What could be the reasons for this muscle flexing? China’s opaque system of governance, its “bamboo curtain”, as well as the “multiple aims” with which it approaches most issues (in order to maximise its gains) make it quite difficult to analyse its moves and intentions. Some of the reasons for its latest move can be the following:

  • The annual Yudh Abhyas exercise between India and the US was conducted very close to the LAC, for the first time, in Uttarakhand in November/December 2022. China lodged protests both with India and the US. As China normally engages in an “immediate punishment” reprisal, this might be related to that. Some believe that Doka La was triggered by the Dalai Lama’s visit to Tawang in 2017.

  • Among non-kinetic operations during peace times, China emphasises “Legal Warfare”. So, it manufactures history and evidence to buttress its claims. The Centre for Underwater Cultural Heritage of China ridiculously claims the South China Sea (SCS, or more appropriately Indo-China Sea or ICS) because of discovery of Chinese pottery and porcelain. Thus, myth-making substitutes for history in China.

  • On March 16, a bipartisan bill was introduced in the US Congress to recognise AP as an integral part of India. With a consistent US stand on AP especially in the current state of play between the US and China, such a bill should have crossed a Chinese tripwire.

  • China might have felt that as India holds the presidency of the G-20 as well as the Shanghai Cooperation Organisation (SCO) for 2023, it may disregard Chinese transgressions because it needs its cooperation to successfully conclude the upcoming summits. China simply took advantage of the situation, as it did in 1962 and May 2020.

  • China, with its dire current economic situation, wants bigger trade with India, but Delhi has not been forthcoming. The recent visit by Chinese Foreign Minister Qin Gang to Delhi did not go well as India bluntly said that the relationship was “abnormal”. India also chaired the QUAD foreign ministers’ meet during the same time Qin was in Delhi. Therefore, this could be another manifestation of its “immediate punishment” approach.
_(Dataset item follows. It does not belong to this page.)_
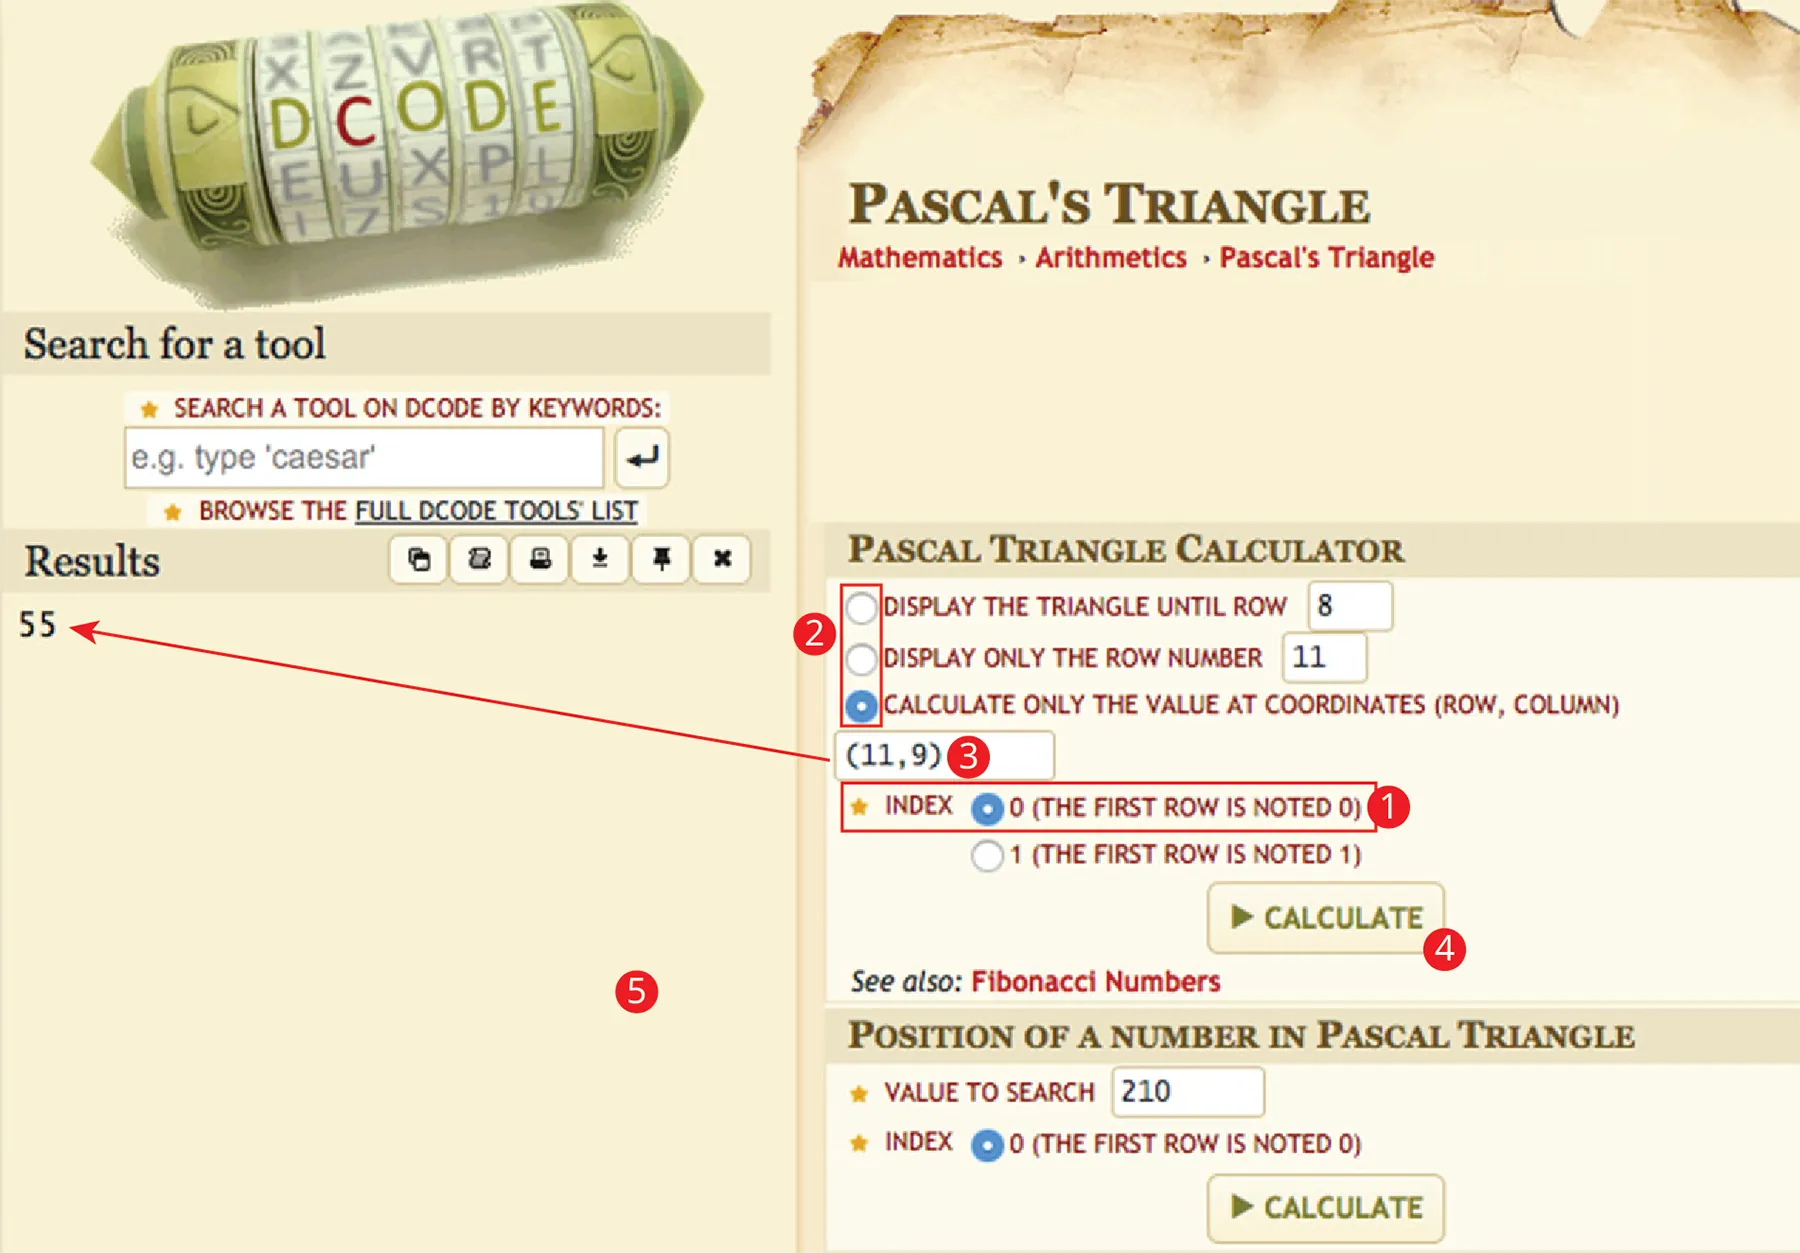 A screenshot of Pascal's triangle. The left section displays a search tool with results: 55. This section is numbered 5. The right section shows two sections titled, Pascal triangle calculator and Position of a number in Pascal triangle. The first section displays the following information. Display the triangle until line: 8. Display only line number: 11. Calculate only the value at coordinates (line, column): (11, 9) (numbered 3). These 3 options are numbered 2. Index: 0, the first row is noted 0. This is numbered 1. Calculate button is present. This is numbered 4. The second section shows the value to search set to 210. Index: 0, the first row is noted 0. Calculate button is present.

  • As the choice of the next Dalai Lama looms large, China wants to ensure that its choice is accepted by the Tibetans, and Tawang’s significance and the old monastery there could be helpful in Chinese calculations.

While one may never know the real reason(s) for Chinese actions, one can only infer them through the prism of its past actions, its avowed doctrines of which only some are known and by interpolating the stated goals of Xi Jinping with Chinese actions on the ground.


Past experience shows that India has to be extremely vigilant along the AP border.


(Subramanyam Sridharan is the Distinguished Member, C3S. The views expressed are those of the author and does not reflect the views of C3S.)